There's really nothing new to report. Everything's the same. My counts haven't come up, most of my rashes are gone, and we are just waiting for my stomach to start wanting food and a couple small rashes to fade away.
I slept a really long time last night, but in segments. Between trips to the bathroom—I have to suppose I still have a bit of a bladder infection—and medicine and vitals, I only sleep 1-2 hours at most. Each time I woke up, however, I was more depressed.
So when the nurse came in this morning and asked how I felt, I told her I felt terrible. I told her there was nothing wrong, I just felt terrible. Everything I put in my mouth tasted like my mouth, and my mouth tastes blah.
The nurse told me I was probably entitled to one blah day.
So I laid down, and I heard that song in my mind: "Count Your Many Blessings; Count Them One by One."
So I did, beginning with my children and my wife, I started counting my blessings, and I immediately started crying. My wife, who had just heard me talking with the nurse, asked what was wrong and came and laid down in the bed next to me. Once I got my voice I told her what I was thinking. We just laid there, and I recounted in my mind all the wonderful adventures I've gotten to live on this earth.
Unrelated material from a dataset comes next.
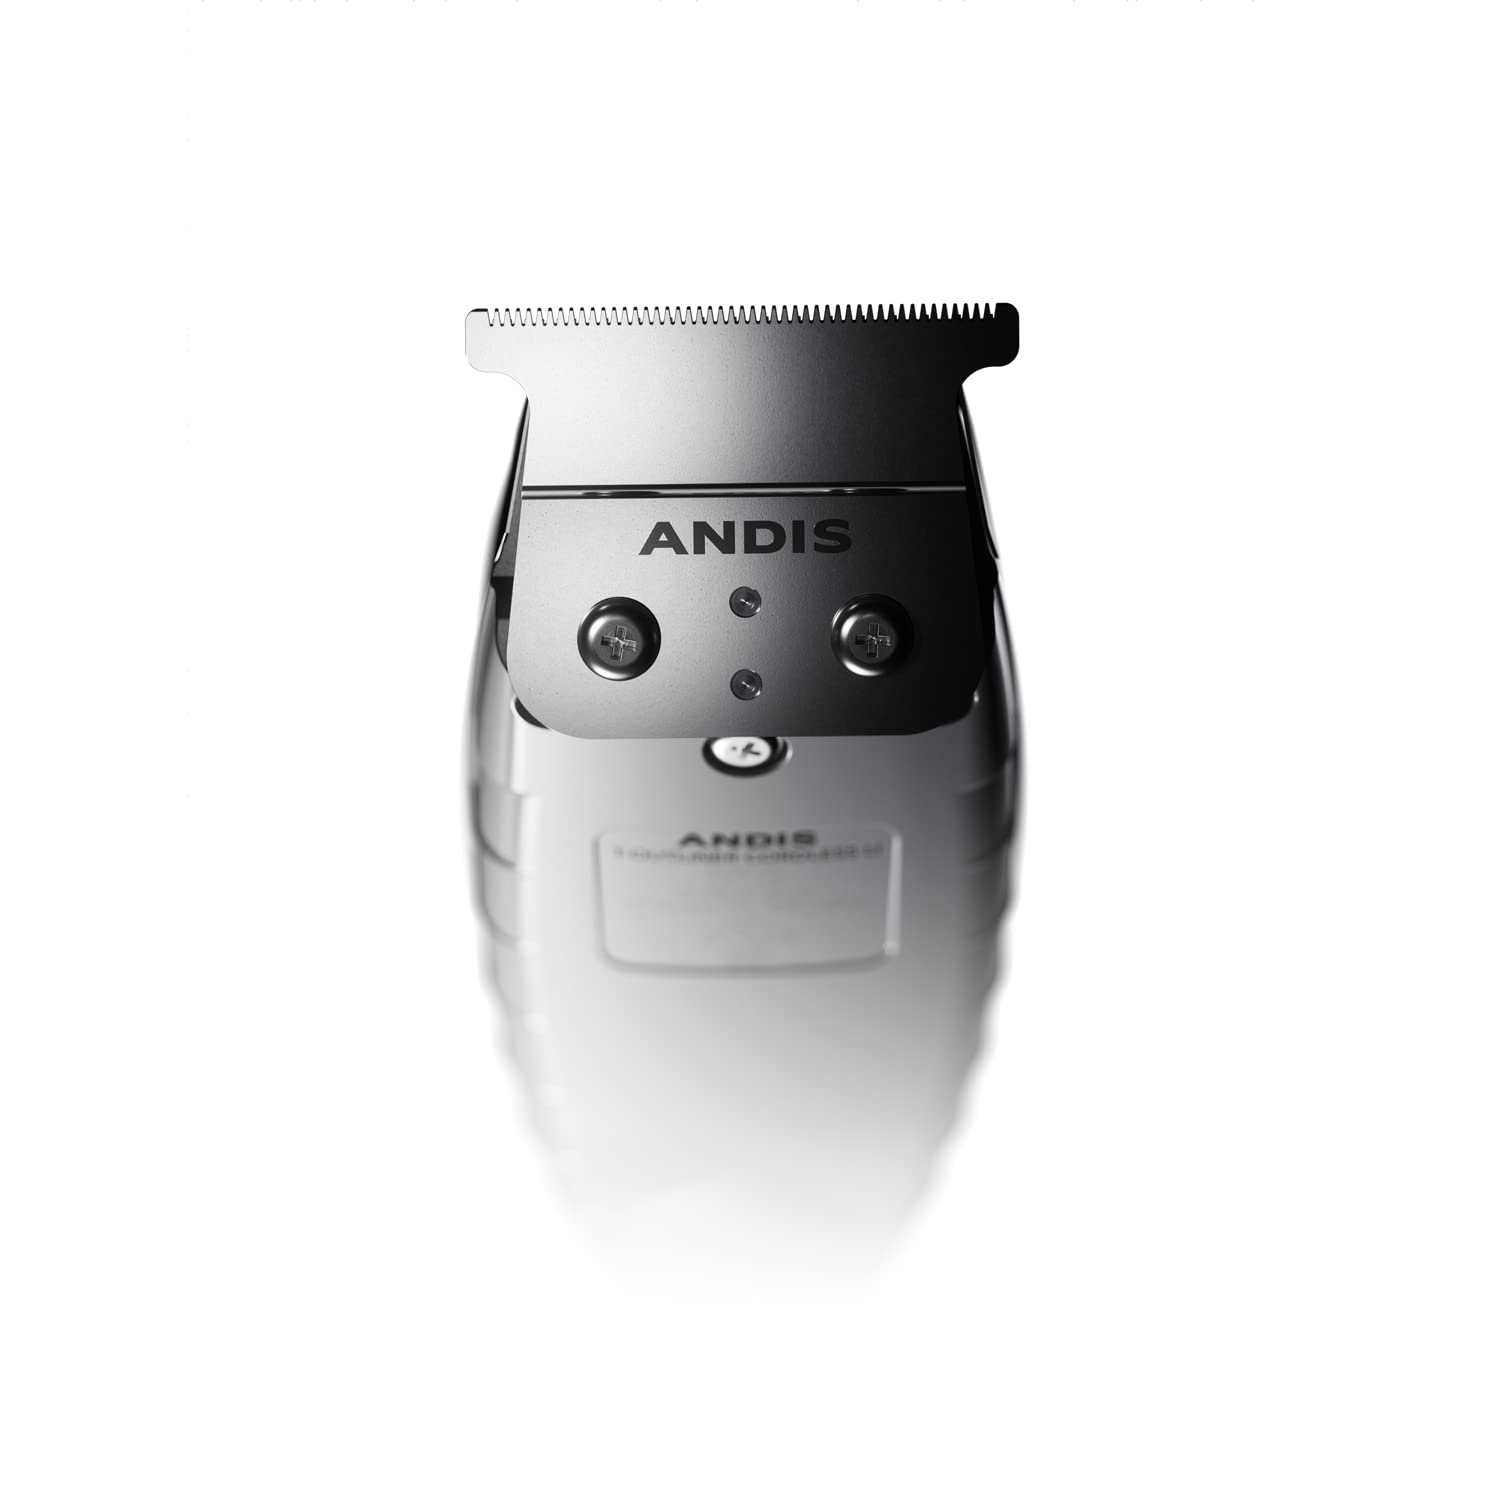 Andis 74055 Professional Corded/Cordless Hair & Beard Trimmer, T-Outliner Blade Trimmer, Zero Gapped, Close Cutting Carbon Steel T-Blade Trimmer - Grey - Pro-Distributing

I've never been all that good a person. I've had problems with addictions, and, as a younger man, with a temper that was dangerous. But since the day I met Christ, I've believed that if I turned my life over to him, what he would produce would be far better than anything I could have hoped for. So I've walked away from my own hopes, dreams, and my own use of time, to pursue whatever I believed he was putting in front of me to do.
Boy, has that paid off!
He let me find the church. He let me live with people who helped me deal with my anger. He showed me the problems with my ideas of righteousness, and I watched as he taught us as a church to learn his righteousness, a righteousness based in love, understanding, and an ability to make a difference in a person's life.
I have a lot to give thanks for. My depression is gone, though I can't say I have any physical energy at the moment.
So, here at Vanderbilt we're hanging out waiting for blood counts to rise, and giving thanks to God for his many blessings.